После еды, когда Пиапон с Митрофаном закурили, Надежда не выдержала и спросила Пиапона:
— Пиапон, у тебя деревянный дом, русский дом. У тебя швейная машина. Человек ты не глупый. Кое-что повидал. Почему же ты не снимешь эти нары?
— А где спать? — удивился Пиапон.
— Спать надо на кроватях. Вот Митроша поможет тебе их сделать.
— Надюша, люди живут по-своему, они всю жизнь так жили на нарах… — пытался остановить жену Митрофан.
— Мне какое дело, как они жили. Пиапон, раз ты живешь в новом русском доме, живи по-новому. Убери эти нары, в доме сразу места больше будет, светлее станет. Митрофан, Санька привез в Малмыж кирпичи, выпроси, привези и сложи печь, меньше в доме копоти будет.
— Да ты что, Надюша, в своем уме? — запротестовал Митрофан. — Когда мы успеем, скоро кета подойдет, готовиться к ней надо.
— Завтра кета, послезавтра охота, там зима, весна, лето и так у вас никогда времени не найдется. Знаю я вас.
Пиапон пыхтел трубкой и стыдился поднять глаза на Надежду. Приехала гостья, и ей не понравилось жилье Пиапона. И все правильно говорит, ничего в ответ не скажешь. Пиапон сам об этом думал, когда заканчивали дом. Он даже хотел попросить Митрофана изготовить две кровати, стол и стулья, потом передумал: надо же иметь совесть! Жена и дочери смотрели на Пиапона, на расшумевшуюся Надежду и ничего не понимали.
— Митроша, дома все обговорим, — продолжала Надежда. — Пиапон, если кровати Митрофан сделает, нары ешь?
— Надю, время мало, кета идет, когда делай? — Пиапон не мог взглянуть на нее.
— Нары уберешь, я спрашиваю?
— Чего не убирай, сегодня могу убирай.
— Зачем сегодня? Когда Митрофан кровати изготовит, тогда уберешь.
— Ты чево тут командуешь? Это твой дом? — рассердился вдруг Митрофан. — Как жандарм раскричалась.
«Совсем взбесилась баба, — подумал Митрофан с удовольствием, — выходит и правда, за душу задело».

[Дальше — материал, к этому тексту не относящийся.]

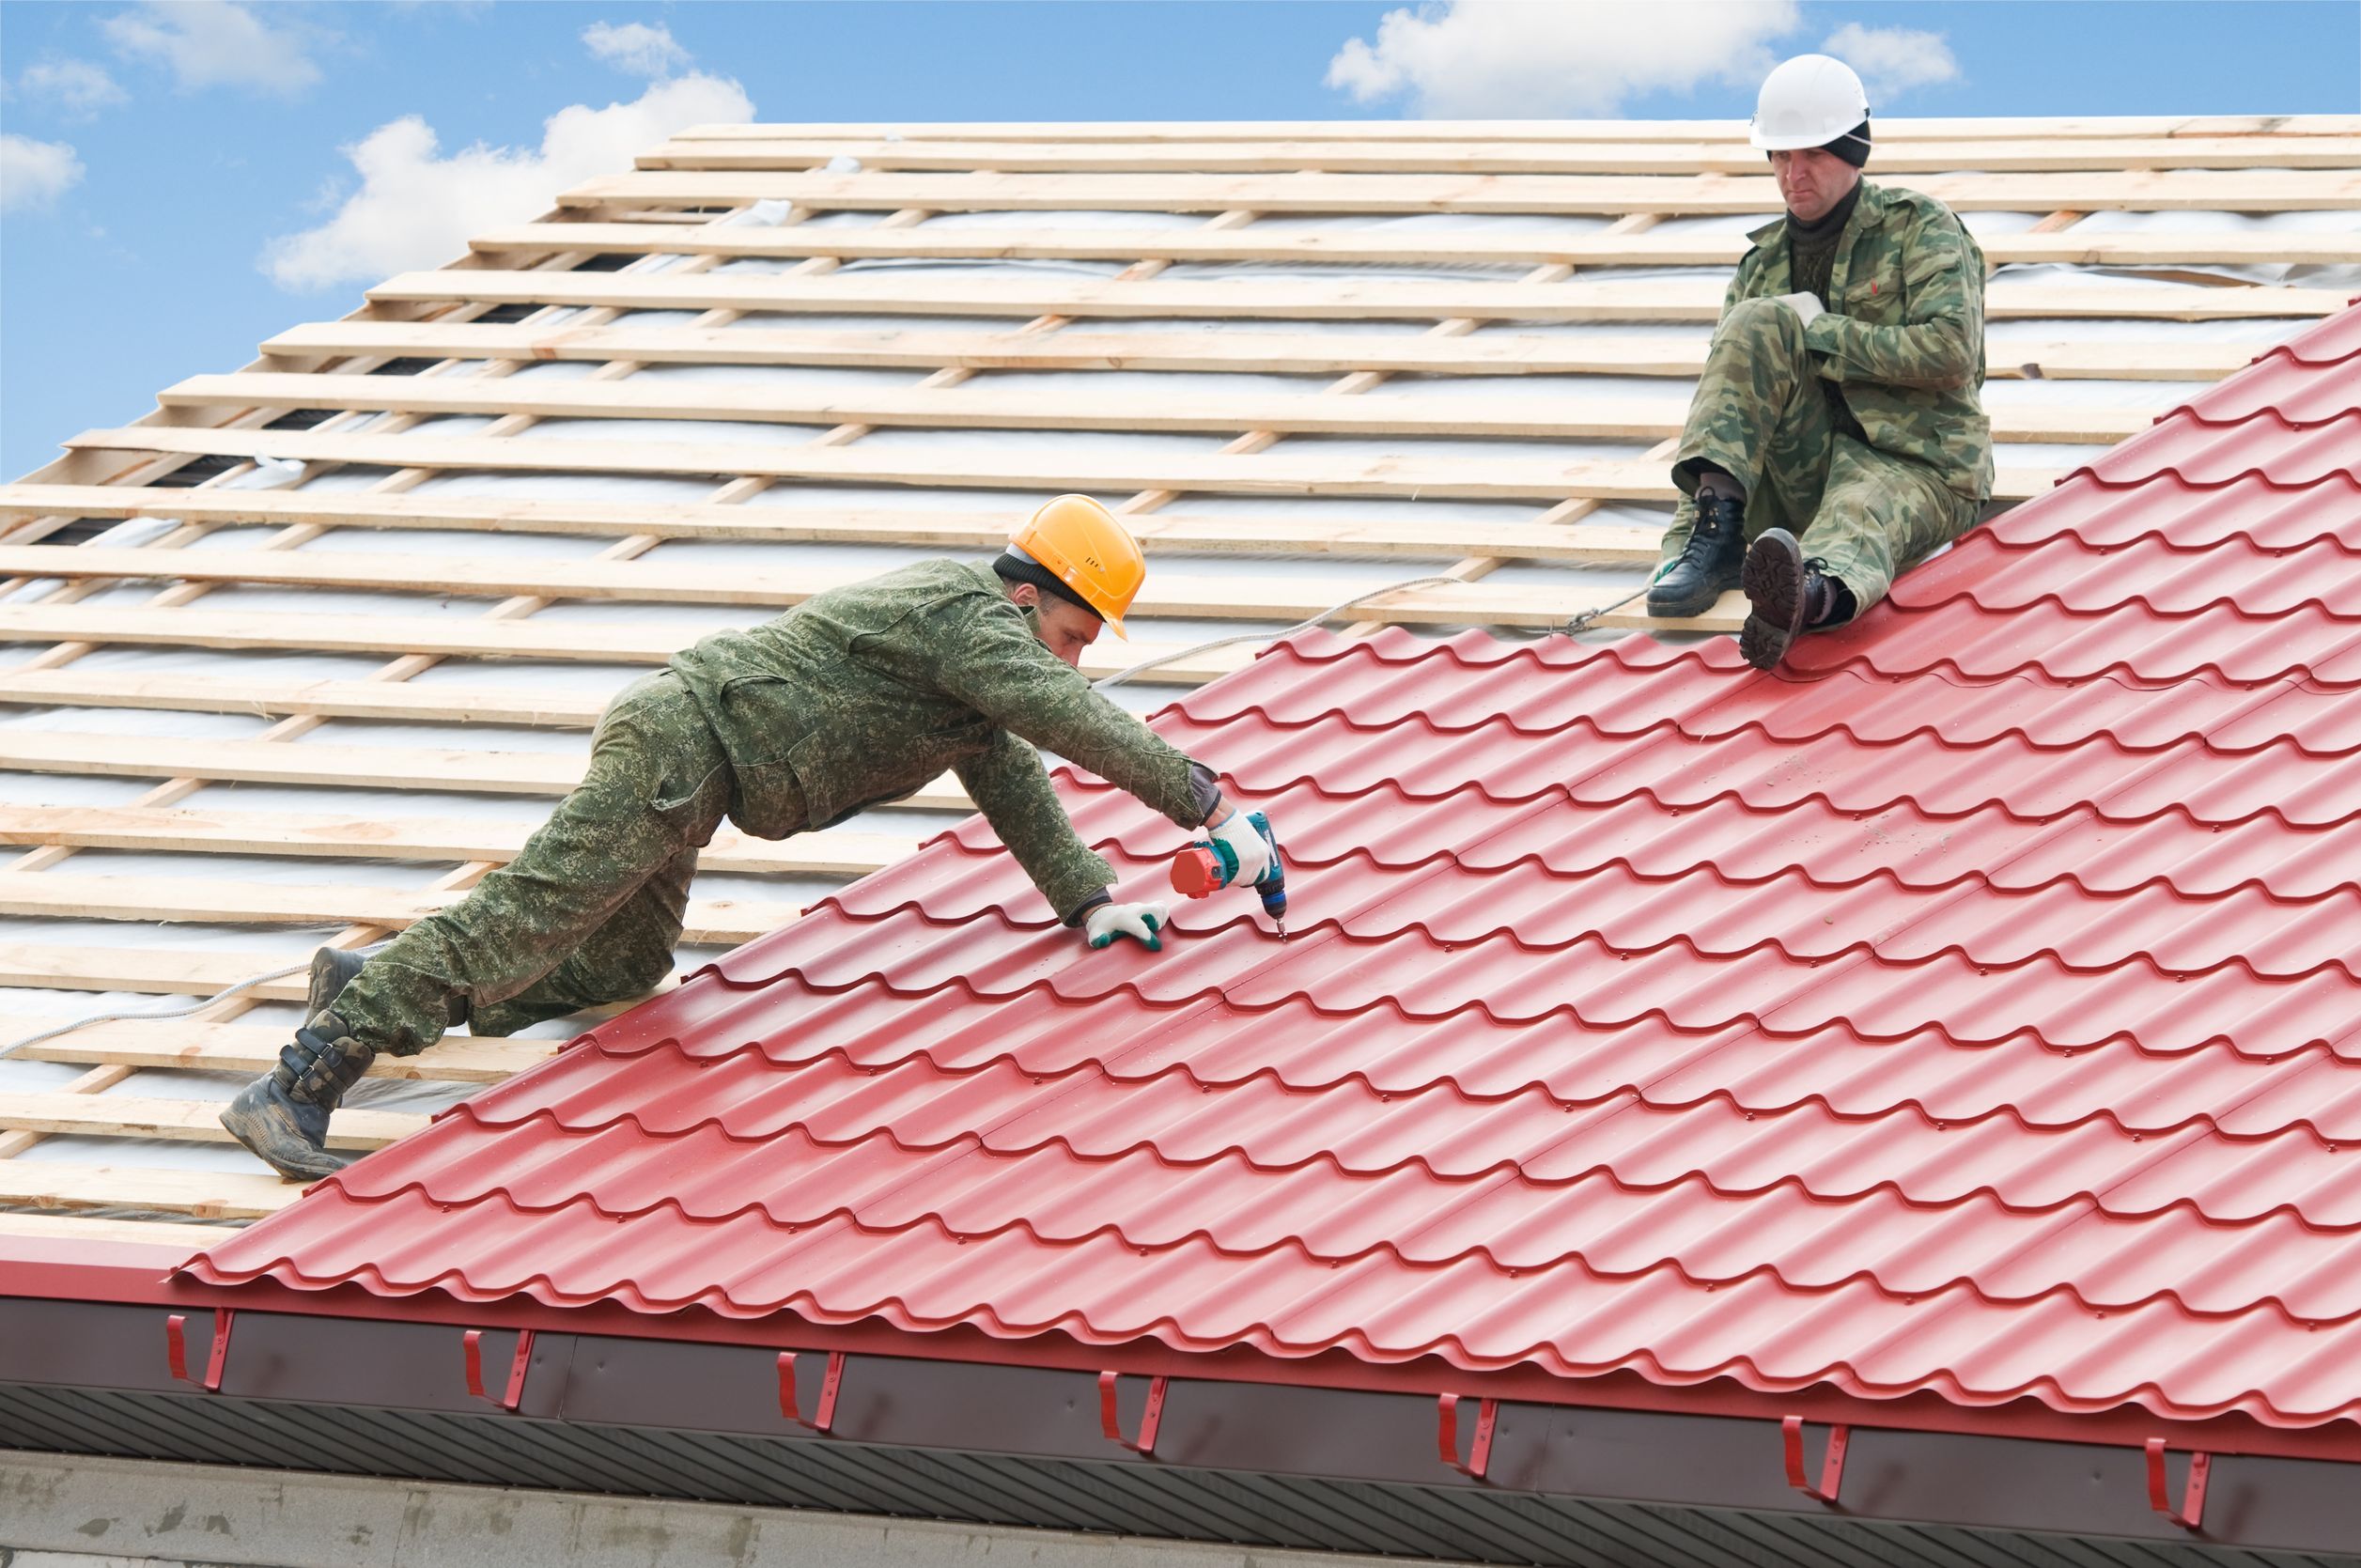 Top 3 Reasons to Consider Hiring a Professional Roofing Company in Franklin, TN

Митрофан посмотрел на Пиапона, втянувшего голову в плечи, и еле удерживался, чтобы не расхохотаться.
— Ну, как? Досталось вам? — смеялся Митрофан, когда Пиапон пошел провожать его. — Зря ты ее пригласил, я бы сам тебе челнок-оморочку заполнил ниткой. Ишь какое трудное дело!
— Нет, Митропан, надо было, чтобы она приехала, — ответил Пиапон. — Правильно она говорит.
Надежда села на корме, взяла кормовое весло и крикнула:
— Пиапон, теперь уж я обязательно приеду. Посмотрю, что ты сделаешь!
— Приезжай, Надю, приезжай, — ответил Пиапон.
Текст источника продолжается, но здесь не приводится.